On Tuesday, in the northern Gaza City neighborhood of al-Attatra, almost entirely demolished and laced with tank treads, the body of a 94-year-old woman was pulled from the wreckage by her son. The Israeli army shot and killed her, he says, before they brought the house down, again with an F-16.

“What did she have to do with rockets being fired into Israel?” he asked. The family had been looking for her for days.

Such stories are commonplace in Gaza since Israel unleashed its deadly war on the territory on 27 December.

More than 1,300 Palestinians have been killed in the past three weeks, a third of them children, according to both Gaza health officials and the United Nations. Some 5,500 people have been injured.

According to the civil defense force in Gaza, which has been tasked with helping pull bodies from the debris, there are still up to 200 persons missing in the northern areas of Gaza. They are presumed dead.

“This is the worst violence we have seen since the Nakba,” says 75-year-old Ibrahim Mohamed Hindi of al-Zeitoun, using the Arabic word for “catastrophe” to refer to the displacement of hundreds of thousands of Palestinians and the creation of Israel in 1948.

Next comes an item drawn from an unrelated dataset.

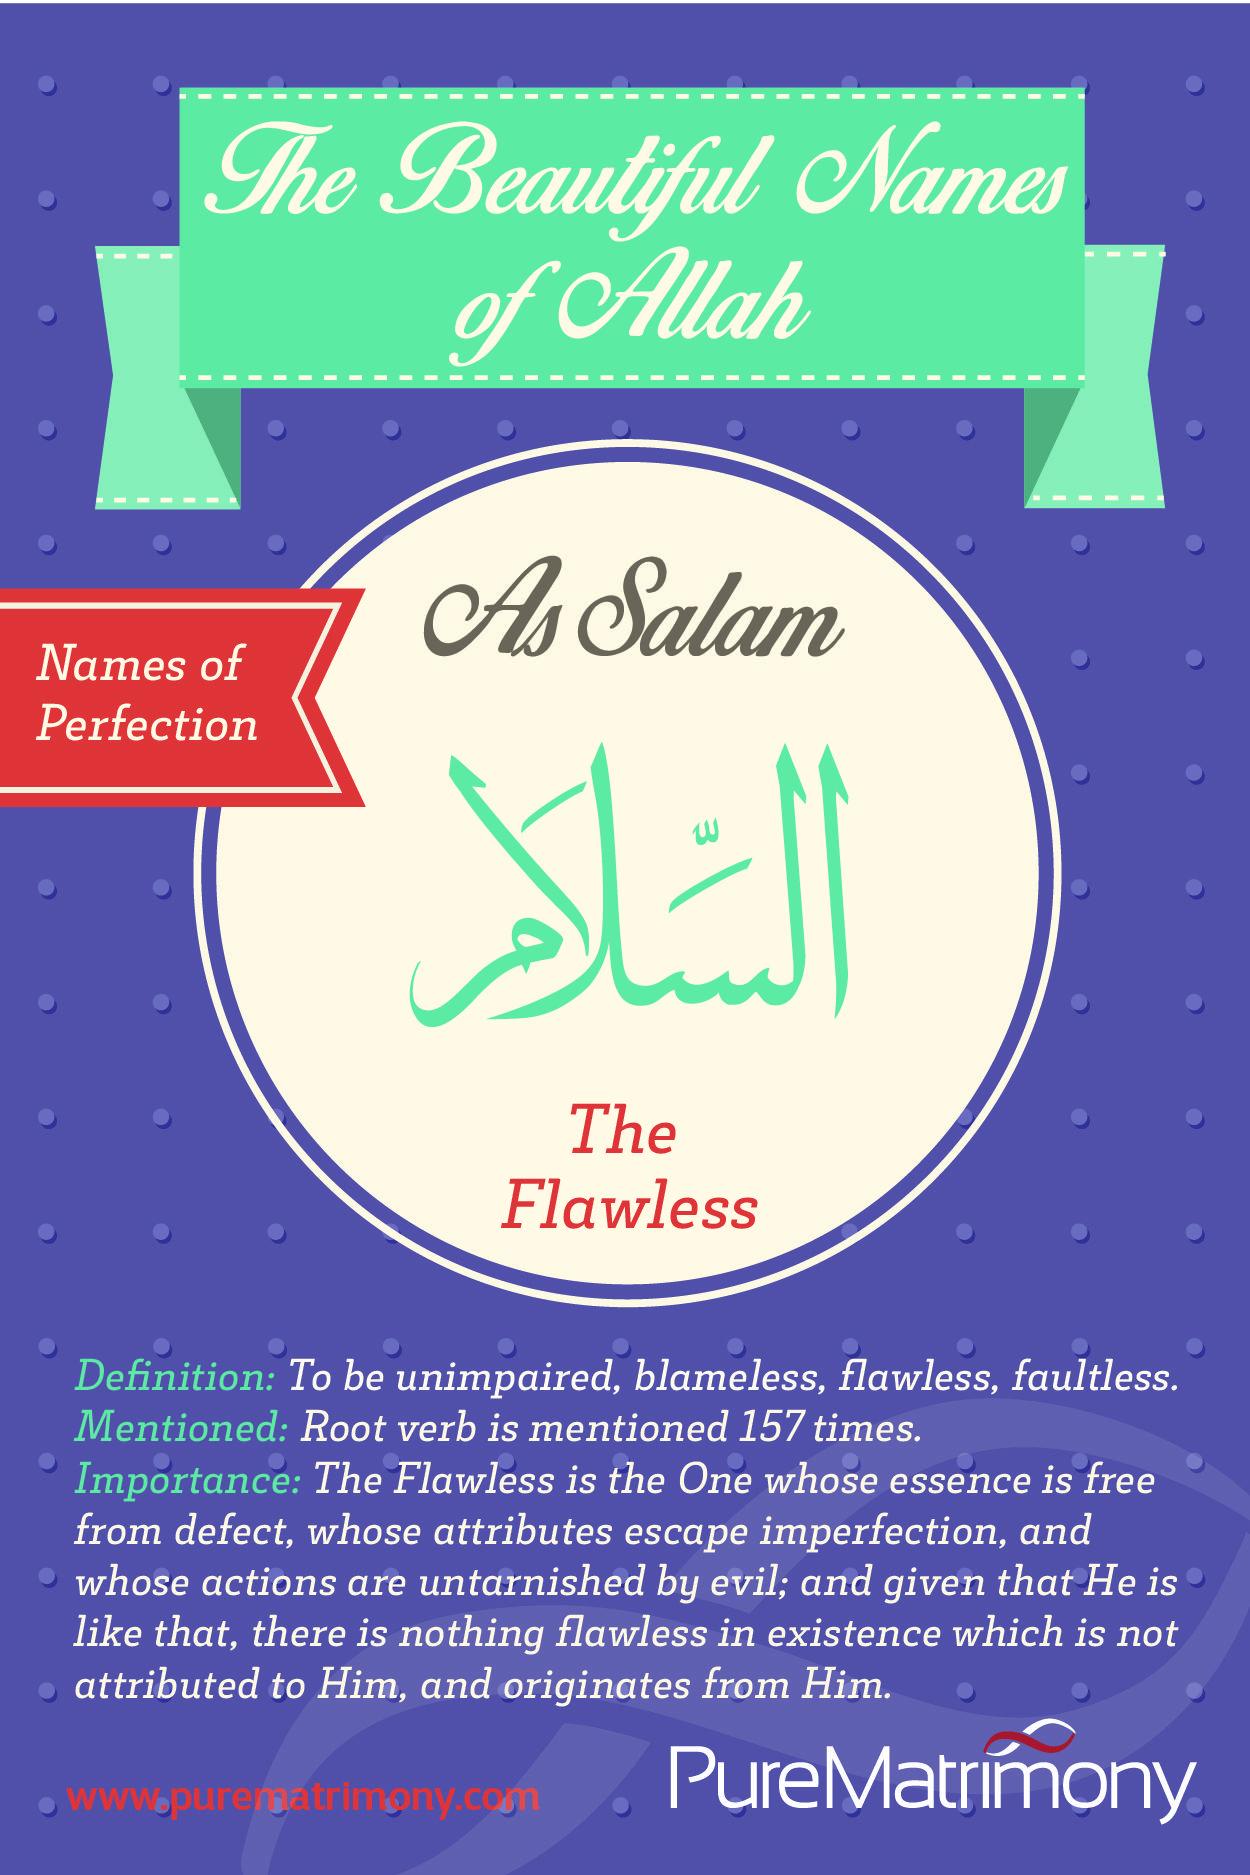 Pin by Mareena Dameer on Islamic stuff Beautiful names
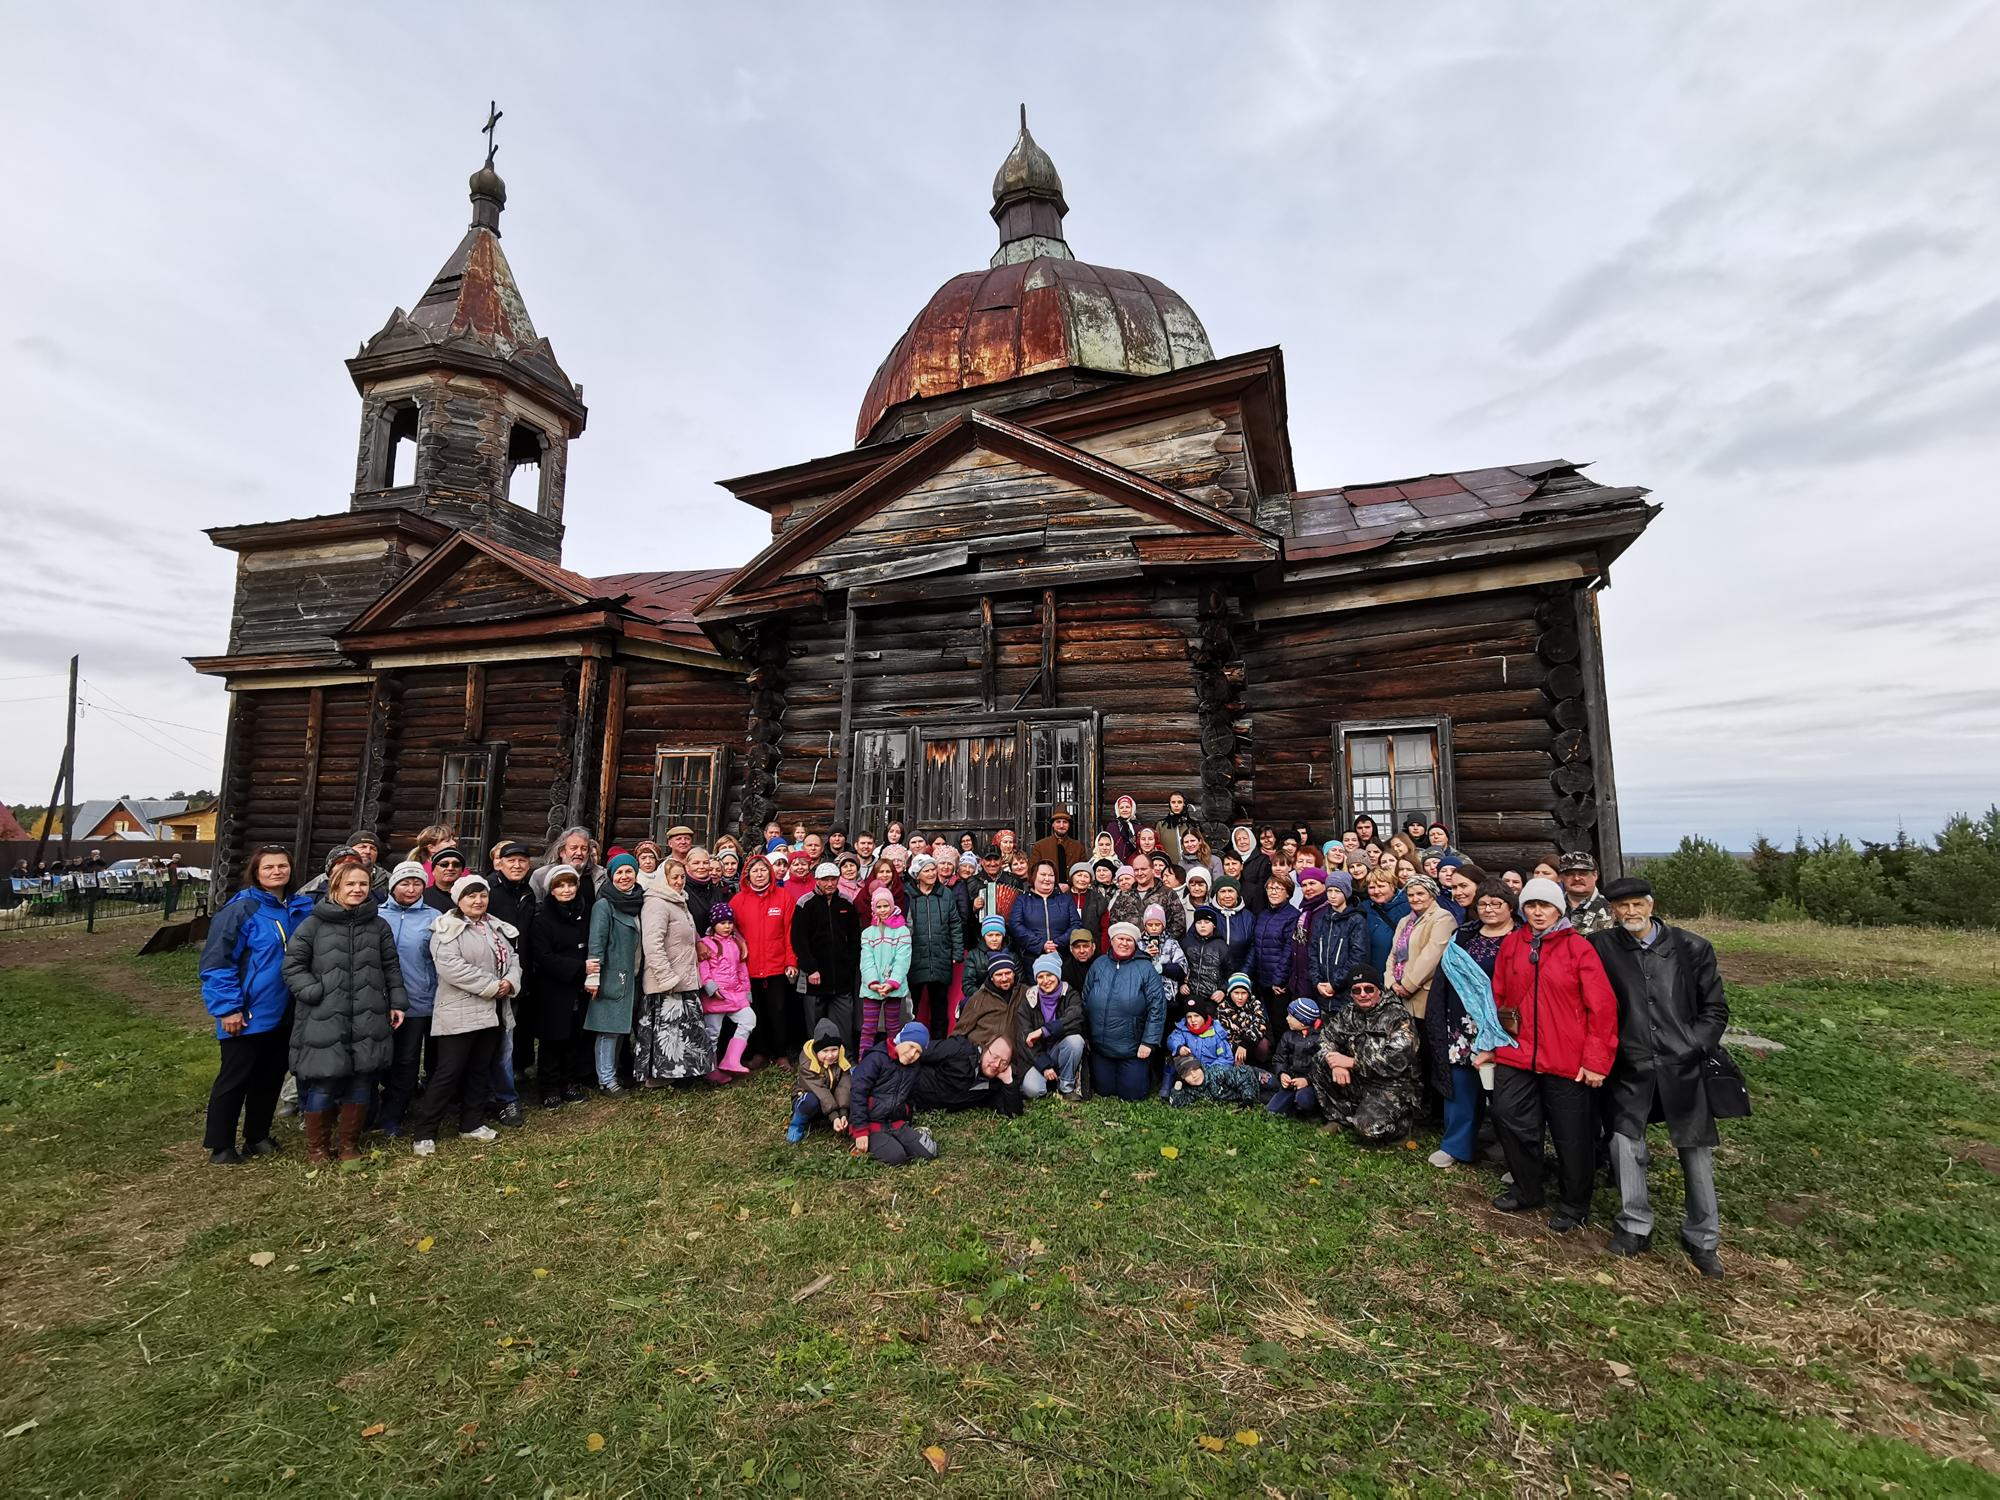 В Томской Области в рамках программы «Волонтёры культуры» завершился проект по благоустройству территории храмового комплекса

What is also alarming is the apparent vicious nature of the destruction, locals are saying.

Khamis Mohamed al-Atar and several other members of his family were forcibly removed from their home in al-Attatra and taken to a prison in the Negev for 15 days while Israeli soldiers occupied the house, which sits on a hill overlooking Gaza City, the strip’s major population center.

“One soldier brought me outside and another came out and asked the first one where the rest of my family was,” Mohamed al-Atar said. “Then he suggested to the soldier that they bring us all outside, line us up against the wall and shoot us. He said they didn’t care which houses had people in them. I thought they were going to kill us all.”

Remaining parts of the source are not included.